It is known to proceed with the tinning of a strip by passing this strip successively through several reservoirs filled with electrolyte.

The tin is supplied to the tinning installation in the form of bars placed on a copper support serving as an anode.

By way of example, mention may be made of a tinning installation comprising twelve successive tanks.

With two supports or bridges per side of metal in each bin, there are a total of twenty four bridges per side.

The number of tin bars on each support depends on the width of the strip to be tinned.

The tin bars which are in fact consumable electrodes are mounted on conductive slides, which makes it possible to replace them when they are worn, continuously and without stopping the line.

In each tray are placed a lower rubber roller and a chromed upper roller between which the band is stretched. Together, they form the cathode of the corresponding tank.

The bridges are supplied with a direct voltage of 24V and receive a current limited to 4500 A.

The amount of tin deposited is a function of the width of the strip, of the running speed of the latter and of the overall current which is distributed over the different bridges in service.

v = vitesse de ligne en m/mn
l = largeur de la bande en mètres
E = taux d'étain en g/m2
n = rendementThe intensity of the current is given by the following relation taken from Faraday's law.

v = line speed in m / min
l = width of the strip in meters
E = tin content in g / m2
n = yield

In known installations, the operator sets the target tin rate by intervening directly on the global current (1G). It must first display the width of the strip. The tinning rate is kept constant by regulating the current to a value proportional to the line speed. However, this regulation does not prevent under-tinning and over-tinning during intermediate states (speed change, rate change, cut or addition of a bridge).

Indeed, the quantity of tin deposited is equal to:

In the stable state all the speeds of passage under the bridges are identical, so we have:

With each transient, however, this relationship is no longer true, as all of the vi can be different, and therefore the quantity of tin can differ by more than 20% from the target value.

In the recent past, the measurement of the rate of deposited tin was carried out as follows.

The operators displayed using a table, a current reference according to the coating to be made. A measurement was made by destructive testing. The current was then readjusted. This measurement took between a few minutes and three quarters of an hour and it was necessary to repeat these operations several times before obtaining a satisfactory result.
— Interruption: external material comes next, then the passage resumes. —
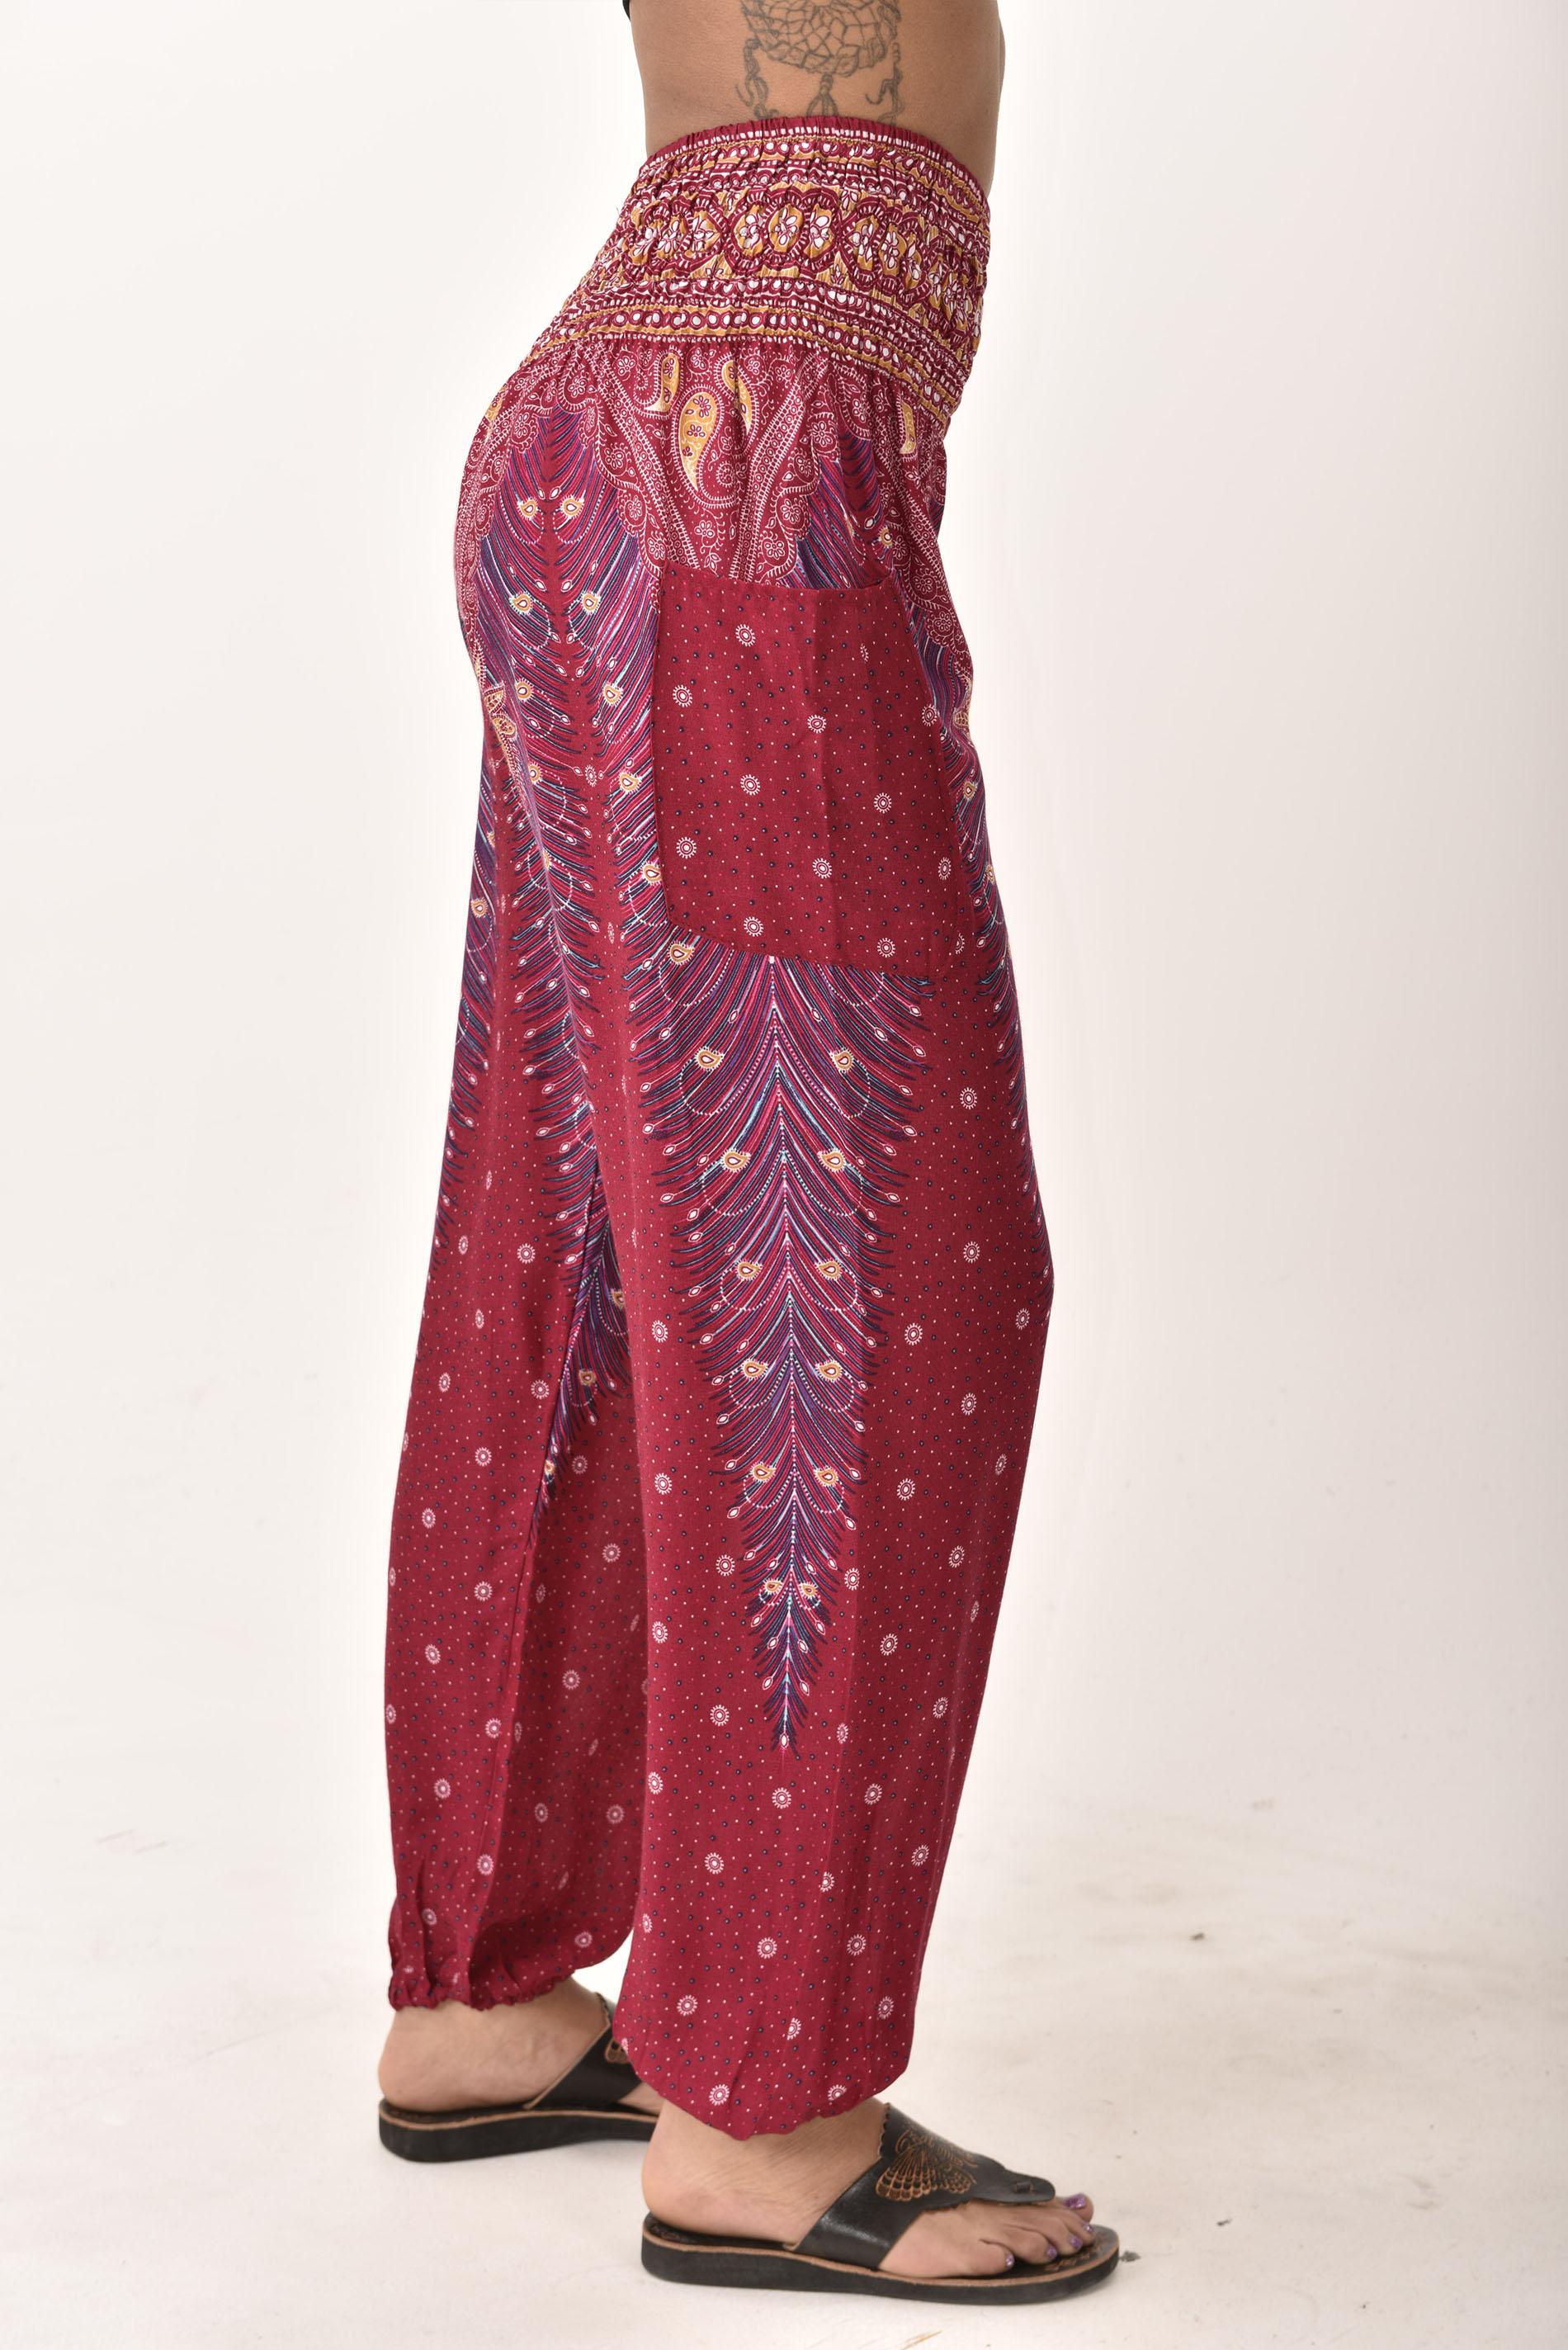 Smocked Waist Pants, Peacock Print, Red

Given the inertia of the system, on short programs, the setting was often obtained at the end of the operation. In addition, to avoid litigation, we aimed at a rate higher than the nominal rate from the start. Hence the excessive cost of the tinning operation.
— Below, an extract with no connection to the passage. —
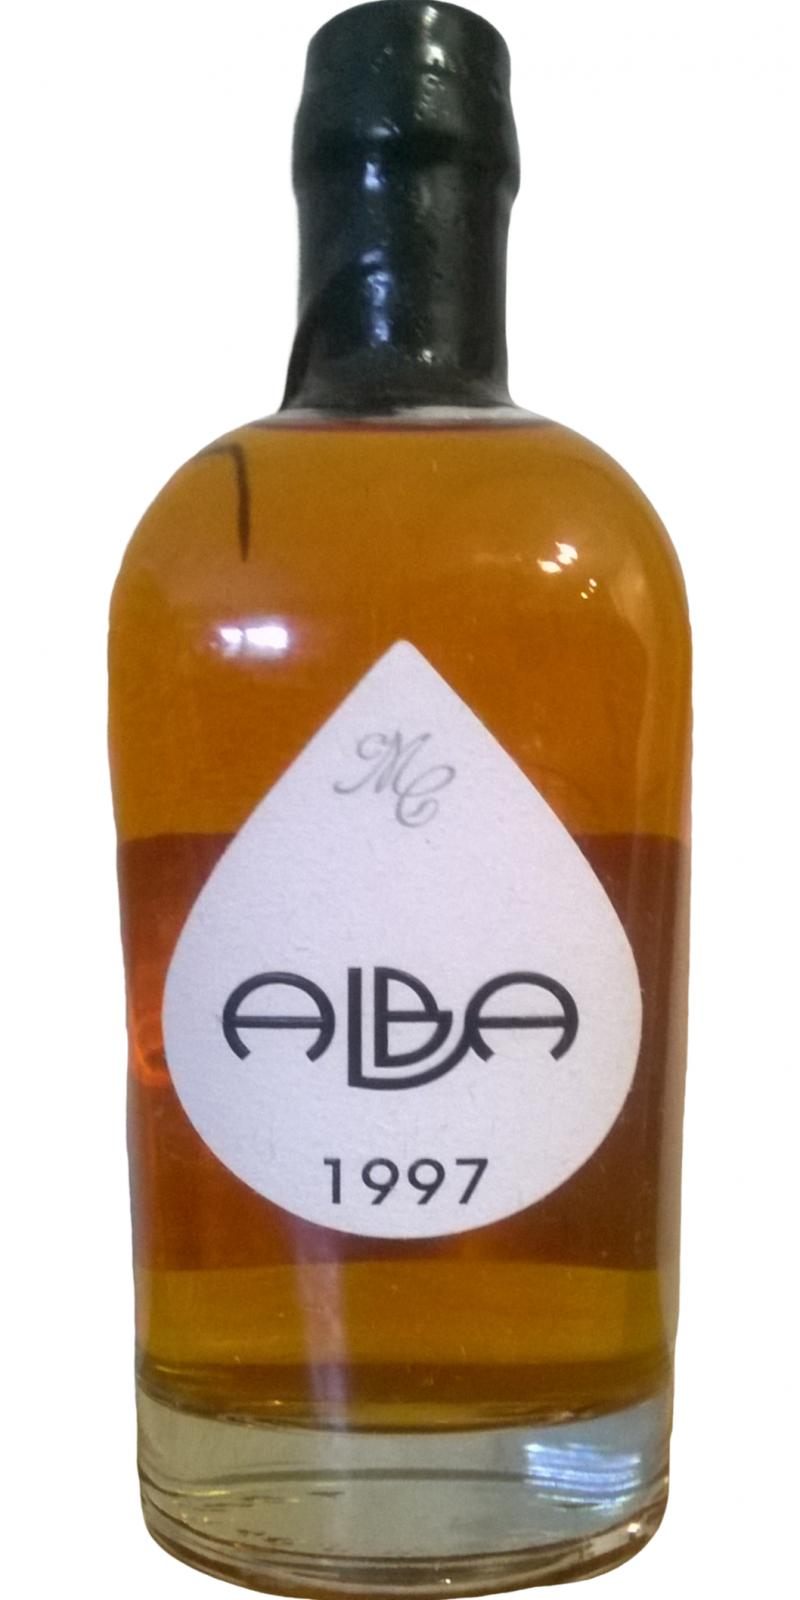 Alba 1997 MCo

More recently, a continuous measurement gauge has been installed. This allows the measurement to be transcribed in the form of a graph via a screen. The operator can therefore immediately correct the errors.

This gauge works as follows.

The measurement is based on the principle of X-ray fluorescence. The gauge uses two sources of curium 244 with a radioactive period of 17.6 years. The energy released by the source causes an emission of fluorescent rays from iron, part of which is absorbed by tin. It is by determining the quantity of radiation remaining that the tin deposited is calculated.

The signal processing is as follows.
- Conversion of the exponential signal sent by the cells into a linear signal proportional to the coating.
- Calculation of the difference between the measurement and the nominal rate targeted.
- Possible correction of the signal value of plus or minus 5% depending on the aging of the sources for example.
- Finally, a microcomputer records the signals and transmits them to a cathode-ray screen located on the tinning line.

The gauge scans approximately every 30 seconds. Simultaneously, the transverse profiles of the coating appear, the instantaneous average measured values and those of the last scan, and the minimum threshold authorized by the standards in force for tinning operations such as EURONORM. For comparison, the last saved profile remains on the screen.

With the known techniques mentioned above, we are faced with the problem of the variation of the tin rate at each speed transient.

The invention therefore aims to create a method and a device for regulating the electrolytic deposition of a metal coating on a continuously moving strip of metal enabling these drawbacks to be remedied by taking into account the quantities of metal deposited by each bridge and by adapting the settings on the deposit line according to these quantities.

It therefore relates to a method of regulating the quantity of a metal deposited electrolytically on a strip to be coated continuously scrolling in a deposition installation comprising several reservoirs filled with electrolyte, the strip passing over a conductive roller forming cathode associated with each tank and the coating metal being supplied by bars of said metal carried by conductive bridges forming anodes arranged in each tank on a part of the path of the strip in said tank, characterized in that it consists in calculating at each movement of the strip between two successive bridges, the deposition of metal on each bridge in function of the intensity of the supply current of this bridge, of the speed of the strip and of the efficiency of the bridge, to follow separately each length of strip equal to the distance between two successive bridges by cumulating the successive metal deposits, to be established the balance sheet of the deposit under the last bridge delivering current in order to determine the intensity necessary under this bridge in order to complete the metal deposit, to determine the overall intensity necessary to obtain the desired intensity under this last bridge, and at each acquisition of an average measurement over the entire width of the strip, to be calculated taking into account the transfer distance, the difference between this average value and a preset preset value in determining nt a correction coefficient for the theoretical yields of the metal deposit under each bridge.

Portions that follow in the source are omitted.